There is no proof, however, that the murder of Ramona proximately caused Tyler's death. This is not a case in which an infant died as a result of neglect, prolonged exposure, or some other dangerous circumstance from which the child could have been rescued, but for the killing of its only potential rescuer. To the contrary, the State relied at trial on testimony that Walker admitted causing Tyler to asphyxiate by placing his hand over the face of the child. The State also relied at trial on physical evidence that Tyler had not just been left lying in a dangerous position in which he might unintentionally be asphyxiated, but rather that Tyler had been pressed against something intentionally, leading to his asphyxiation.
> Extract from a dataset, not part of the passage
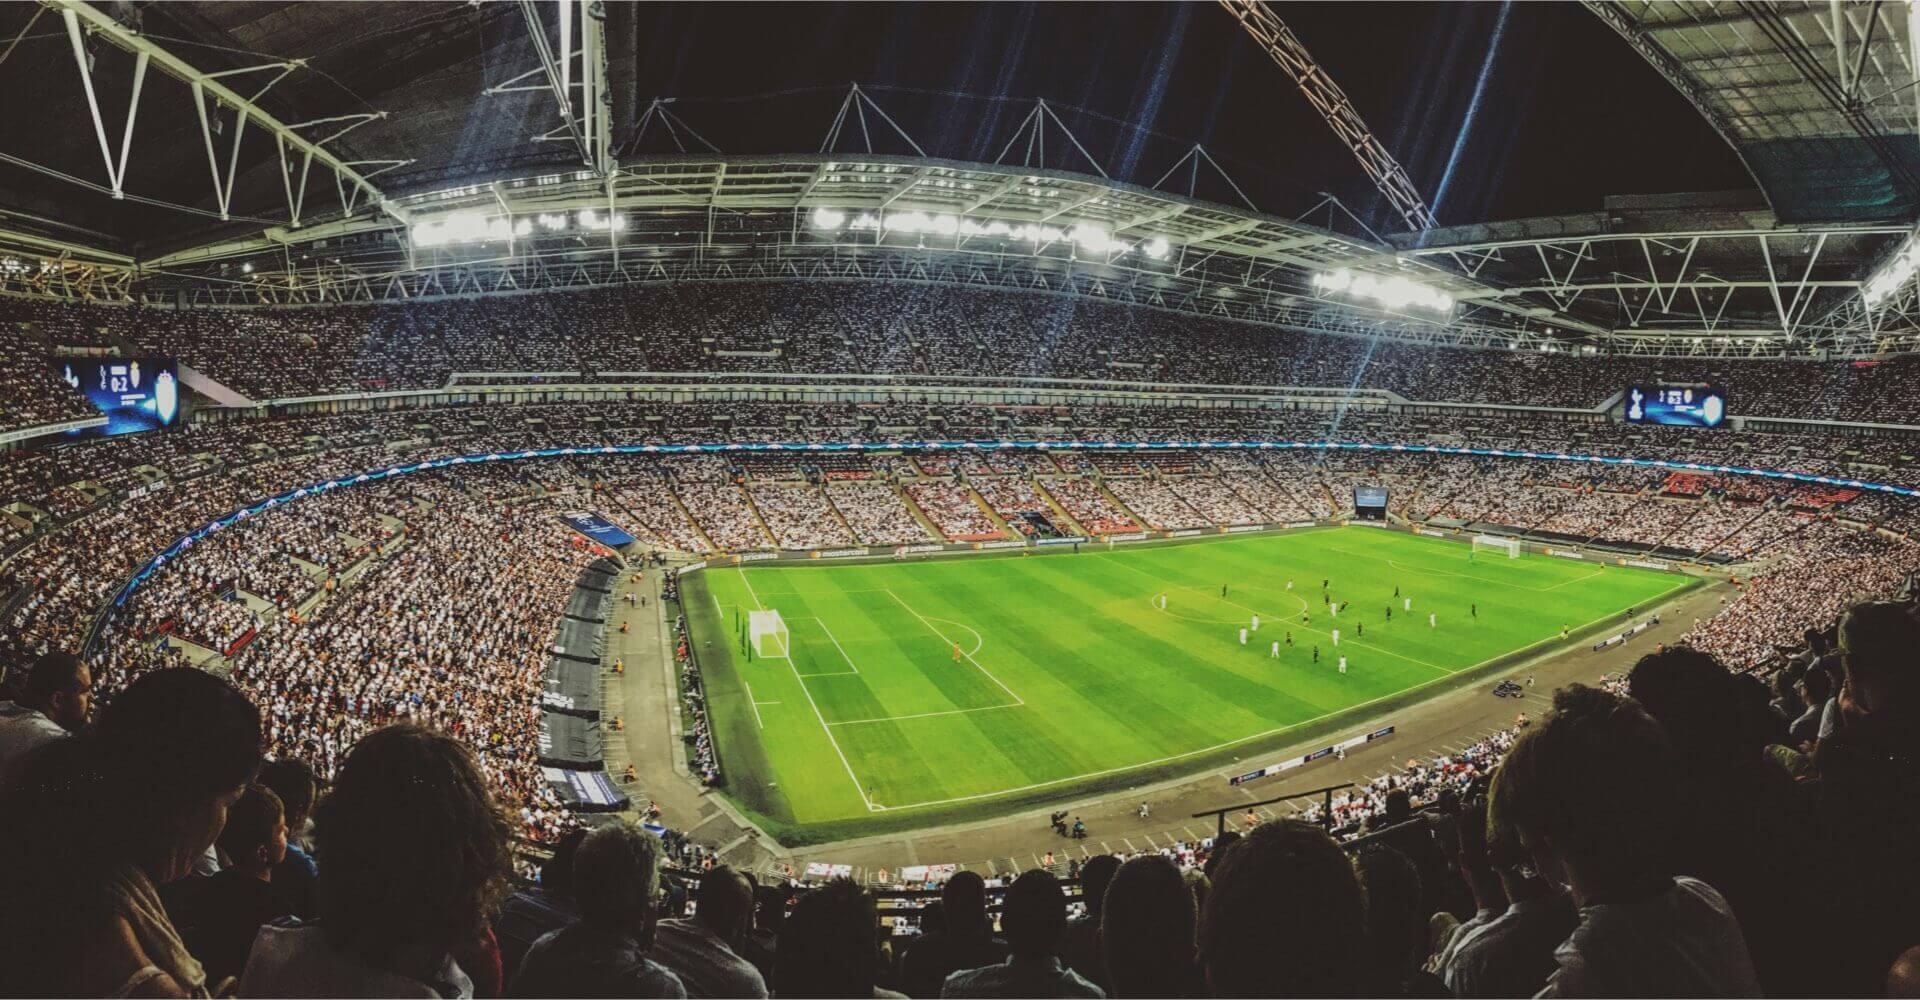 SMS - Sportsmedia & sponsorship

Indeed, the medical examiner testified that she specifically ruled out “positional asphyxiation”—that Tyler asphyxiated simply as a result of the position in which he was left in his crib—as a cause of the death of the child. And the State appears to have gone to great lengths at trial to show—by photographs of the child, as well as the testimony of several witnesses—that Tyler was old enough to lift and turn his head, such that he would be able to breathe even if left on his stomach. Finally, the evidence showed that Tyler and Ramona died around the same time. The State's theory of felony murder premised on the malice murder of Ramona—that her killing prevented her from coming to the aid of Tyler—simply does not correspond to the State's own evidence at trial. The evidence is legally insufficient to sustain the conviction for the felony murder of Tyler as charged in the indictment, and we must reverse that conviction as well.12 ,13
2. Walker claims that the trial court erred when it excluded the testimony of a defense witness. On the third day of trial, the prosecuting attorney announced that Walker had provided him with the name of a potential witness, Lashonda Darrian, who was a family friend of Walker.14 Darrian was made available to the State at the end of that day—after the State had rested and the jury had been excused—and Darrian indicated that her testimony would be that, although Walker was incarcerated when Tyler was born and for a week or two weeks after the birth, he invited Ramona and Tyler to his family's house “all the time” after he was released, that Mona Lisa would pick Ramona and Tyler up in the evenings and then Ramona and Walker “would be on the phone all night,” and that, in the few weeks between Walker's release from prison and the killings of Ramona and Tyler, she had never seen Walker argue with Ramona or mistreat Tyler in any way. The State objected to Darrian's proffered testimony, arguing that it was “entirely irrelevant to any of the issue[s] on trial.” The trial court agreed, and the testimony was excluded.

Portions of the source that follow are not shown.